Dün Türkiye tarihinde yeni bir gün oldu, çünkü yakın geçmişte azınlıklara reva görülen uygulamalar muhalif iş adamlarına, gruplara uzandı. Varlık Vergisi’nin AKP modeline tanıklık ediyoruz.
Bu operasyon, seçim öncesine denk getirilerek muhalif kesimlere sert bir mesaj verilmiş olmakla kalmıyor, seçim sonrası ortamda bu kararın unutulması bekleniyor.
NORMAL BİR GİDİŞ DEĞİL
İpek Grubu, bu kararı elbette uluslararası hukuk kurumlarına taşıyıp gereğini yapacak ve hak ettiği tazminatları mutlaka kazanacaktır. Çünkü, uygulama kanuna uygun olsa bile uluslararası hukuk normlarına aykırı. Ayrıca kararın halen devam etmekte olan Uzan davası üzerinde de olumsuz etkileri net bir biçimde görülecektir.
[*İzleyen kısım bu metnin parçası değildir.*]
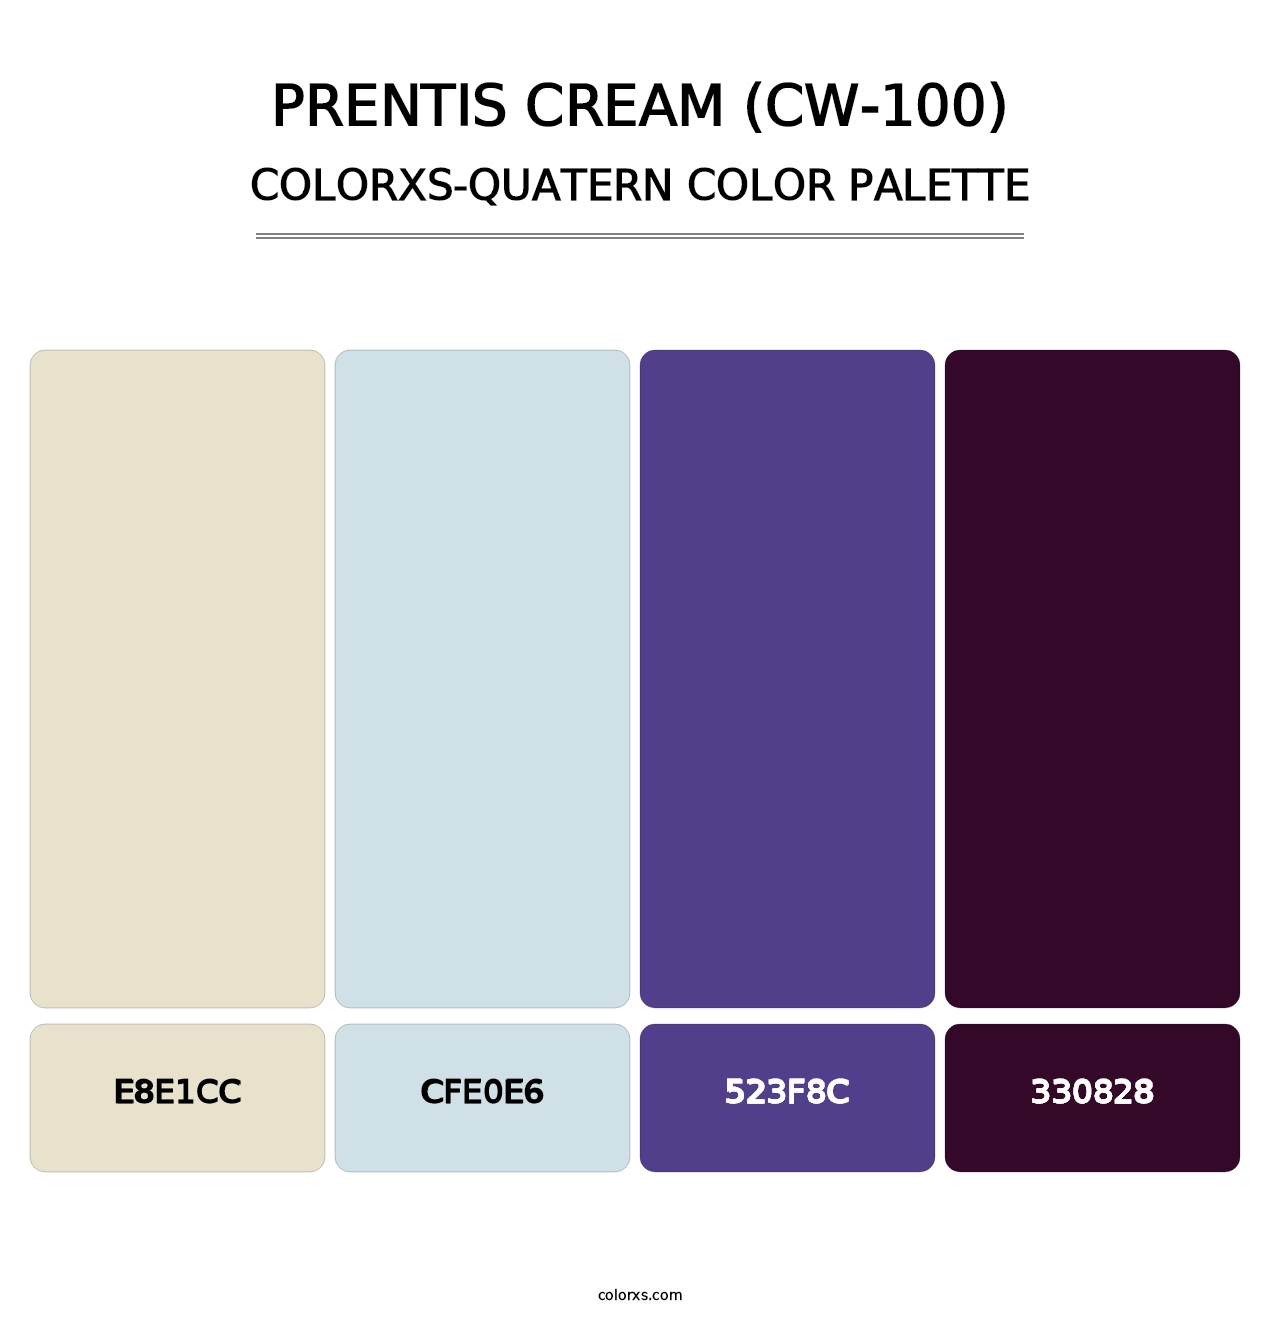 Prentis Cream (CW-100) - Colorxs Quatern Palette

Mal ve can güvenliğinin olmadığı bir ülke kurtlar sofrasına dönmüştür. Keyfi kararla bağımsız duruş sergilemeye çalışan ve her kesimden insana platform olmaya çalışan Kanaltürk, Bugün Tv, Bugün Gazetesi, Millet Gazetesi susturulmuş ve havuz medyasının mütemmim cüzü haline getirilmiştir.
Mahkeme kararıyla yapılan atamalar bu yayın organlarının nasıl bir politika izleyeceğinin açık göstergesidir.
Bu gidiş normal bir gidiş değildir. Ülkesini seven, sorunlarına demokratik kurallar ve hukuk sistemi içinde çözüm bulunmasını isteyen herkesin artık ayağa kalkması ve sesini yükseltmesi zorunludur.
DEVLET TERÖRÜ YÜKSELİYOR
Bıçağın kemiğe dayandığı noktadayız. Kelimeler yetersiz kalıyor. Belli ki artık eylem zamanı.
Eğer CHP, MHP ve HDP bu noktada el ele verip binlerce kişiyi bu medya grubunun merkezinin önüne toplayabilseler, bu kararlar bu kadar kolay alınamazdı.
Nazi Almanyası benzerinde olduğu gibi devlet terörünün adım adım yükselttiği bir dönemden geçiyor, bedel ödüyoruz. Bedel ödemeden demokrasi olmuyor, insan hakkına saygı olmuyor.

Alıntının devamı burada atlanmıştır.